**WHAT YOU WILL DO:** In the entries that follow, the line with "韩国污漫画 帝王App 第17话 被神之手玩到泛滥成灾 33" opens the range and the line with "Map of Wallace town, North Carolina" closes it; repeat that range exactly, both lines included.

**RECORDS FOR PROCESSING:**
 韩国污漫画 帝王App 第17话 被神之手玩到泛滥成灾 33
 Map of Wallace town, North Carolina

---

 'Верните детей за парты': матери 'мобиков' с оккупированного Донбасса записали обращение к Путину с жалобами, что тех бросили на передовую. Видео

---

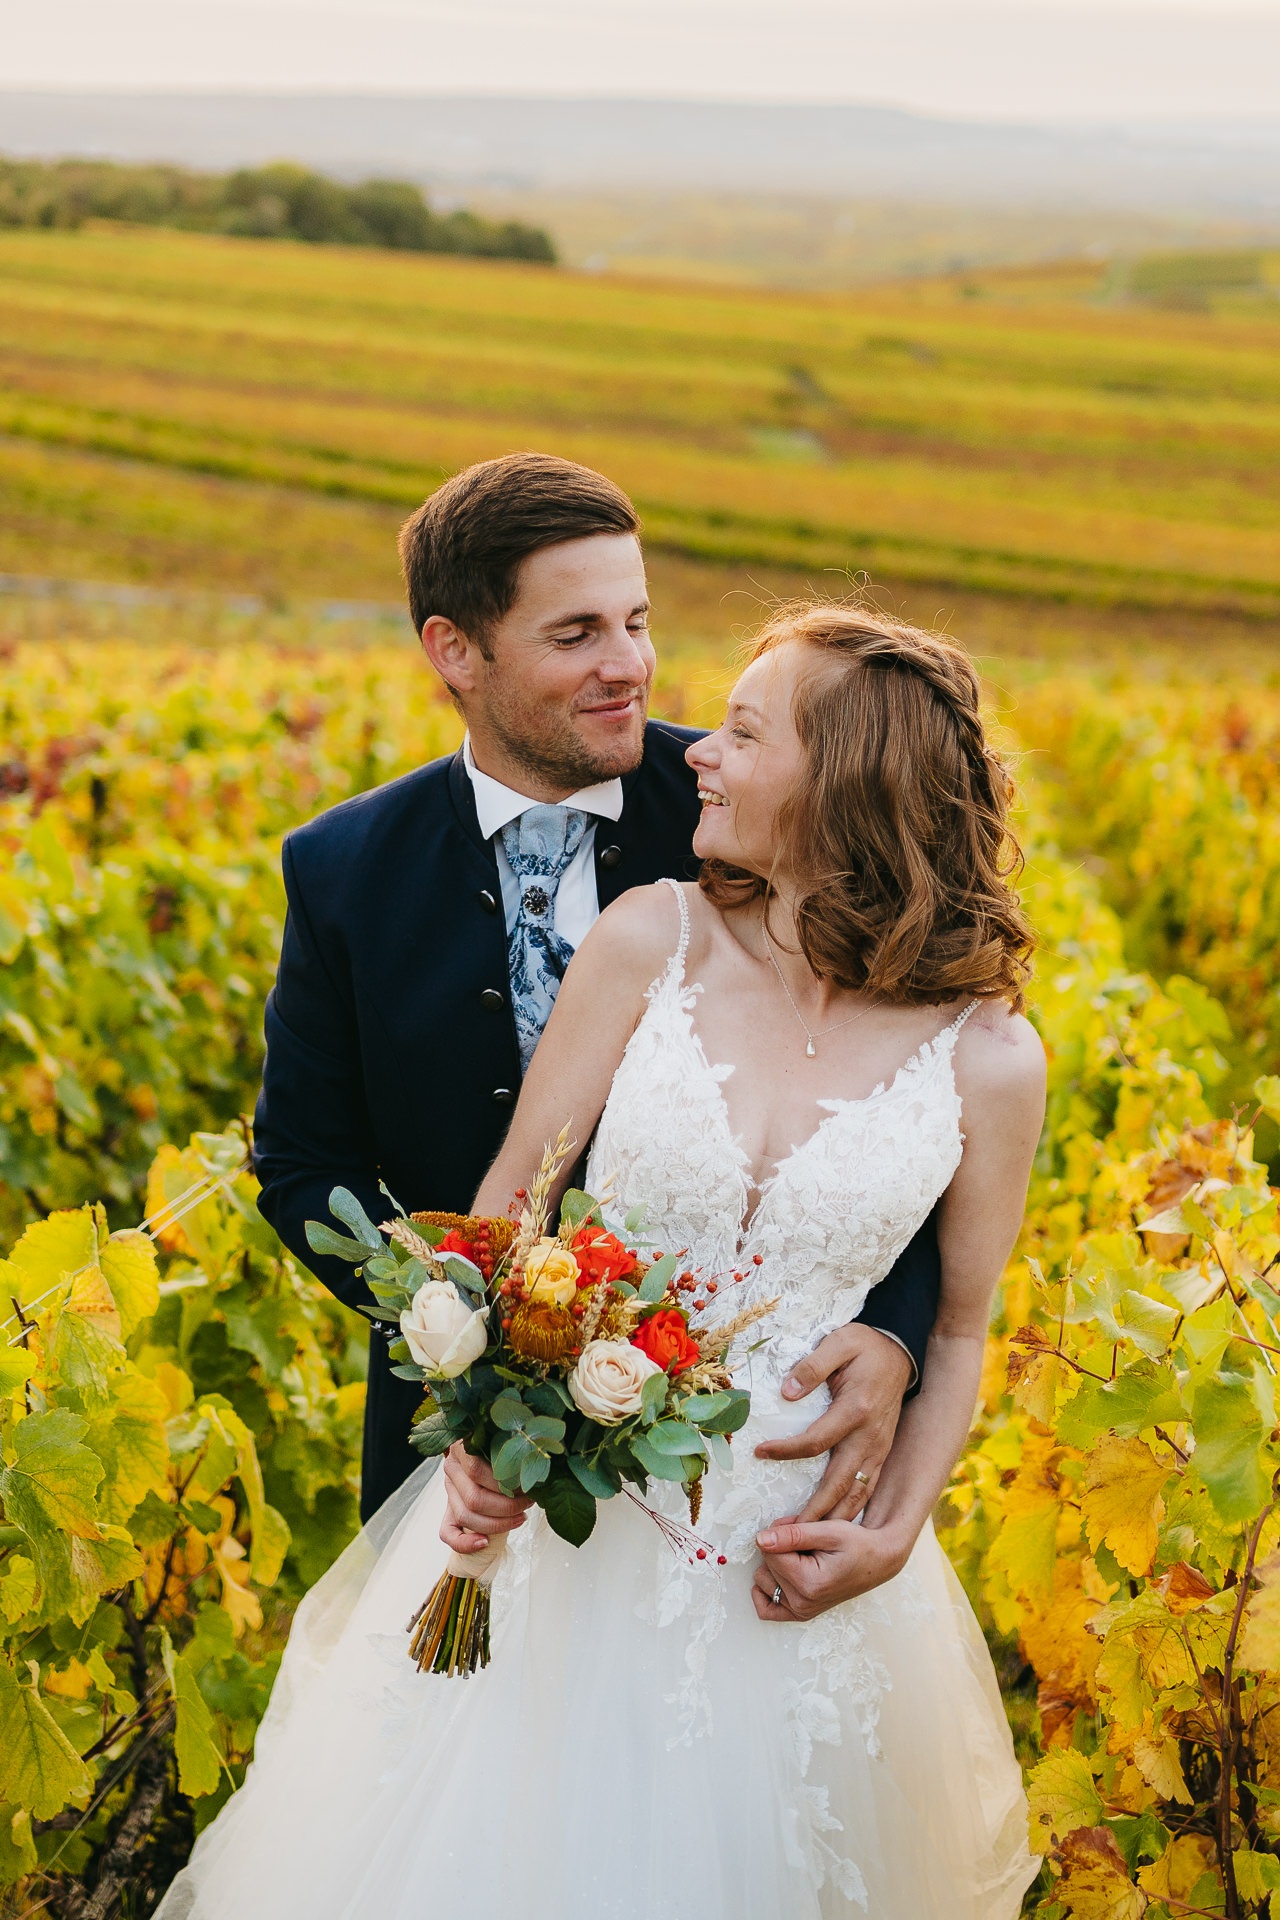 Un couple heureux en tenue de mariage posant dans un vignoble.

**RESULT FOR THIS EXERCISE:**
 韩国污漫画 帝王App 第17话 被神之手玩到泛滥成灾 33
 Map of Wallace town, North Carolina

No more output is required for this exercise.